# Given material
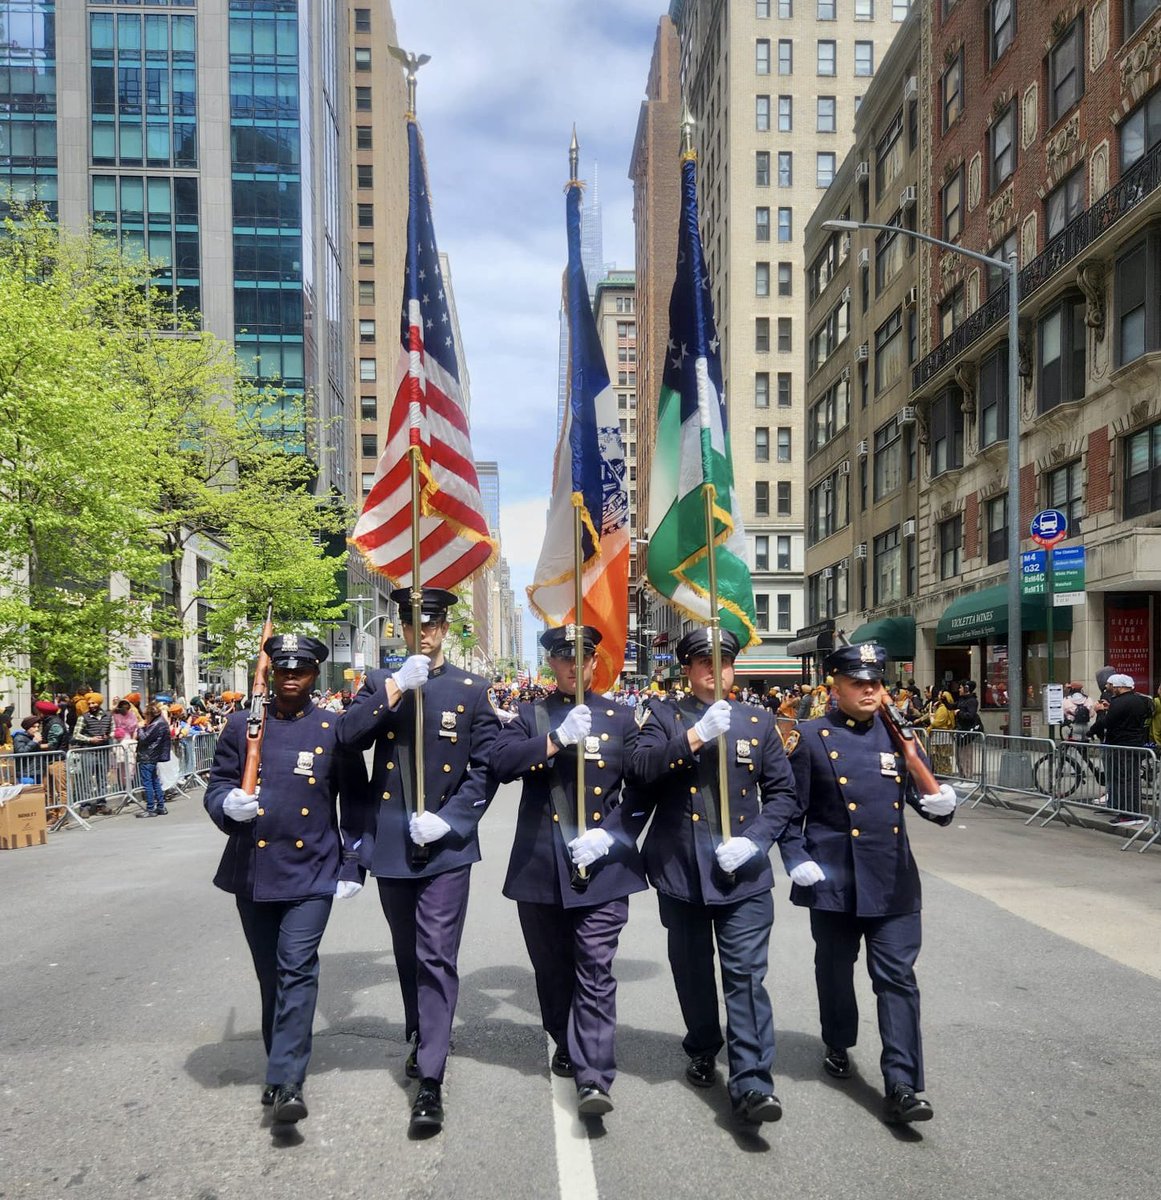 We marched down Madison Avenue for the 36th Annual Sikh Day Parade. Thank you to everyone from the @SikhOfficers Association for making the parade so special. @NYPDnews
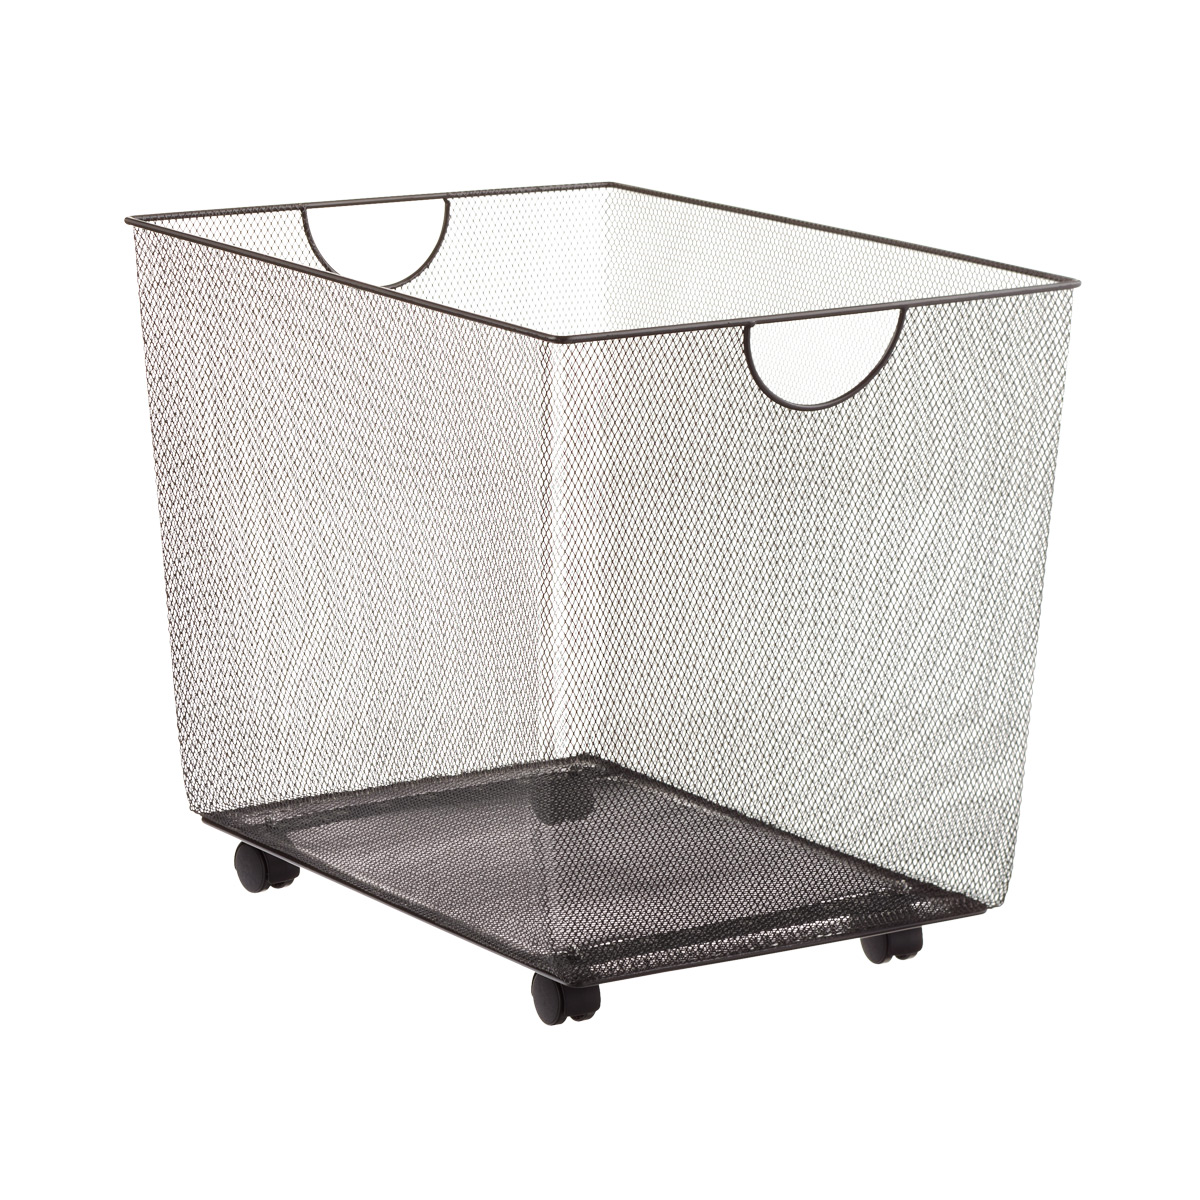 https://www.containerstore.com/catalogimages/476060/10090641-large-mesh-rolling-bin-grap.jpg
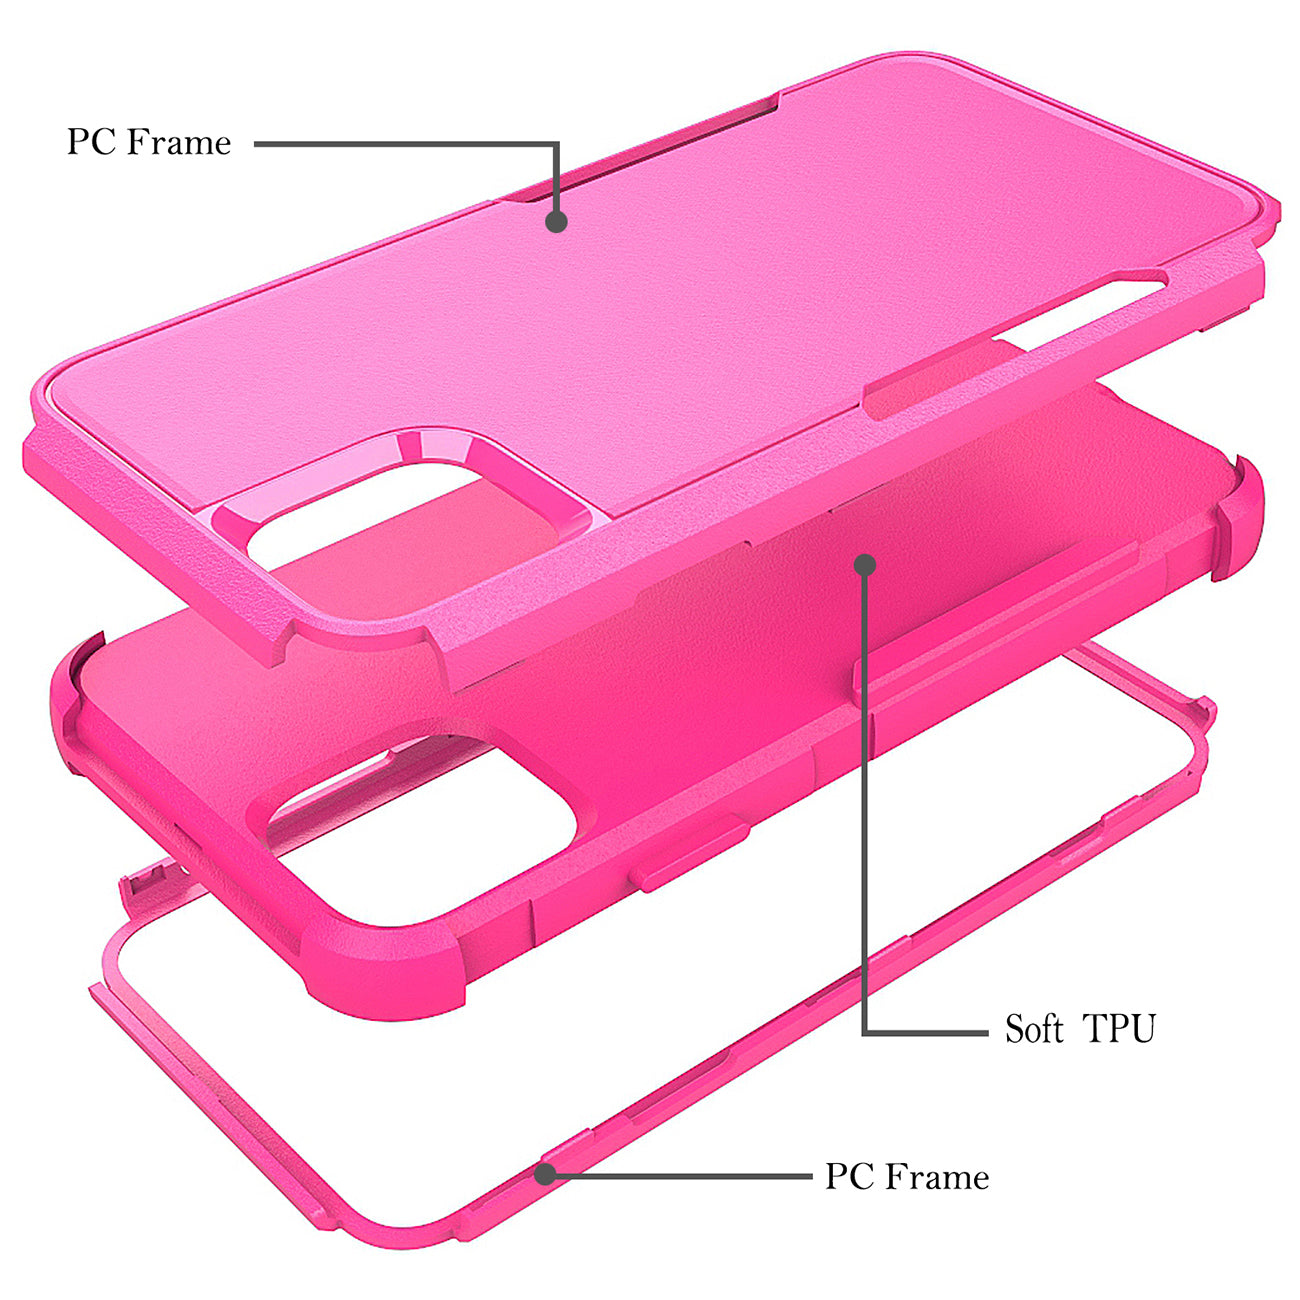 Case Hybrid Heavy Duty Defender Rugged Armor 3 in 1 Apple iPhone 11 Pro Max Hot Pink Color

# Work to be completed
Would you please retype the material above exactly and leave out each picture?

# Finished exercise
 We marched down Madison Avenue for the 36th Annual Sikh Day Parade. Thank you to everyone from the @SikhOfficers Association for making the parade so special. @NYPDnews
 https://www.containerstore.com/catalogimages/476060/10090641-large-mesh-rolling-bin-grap.jpg
 Case Hybrid Heavy Duty Defender Rugged Armor 3 in 1 Apple iPhone 11 Pro Max Hot Pink Color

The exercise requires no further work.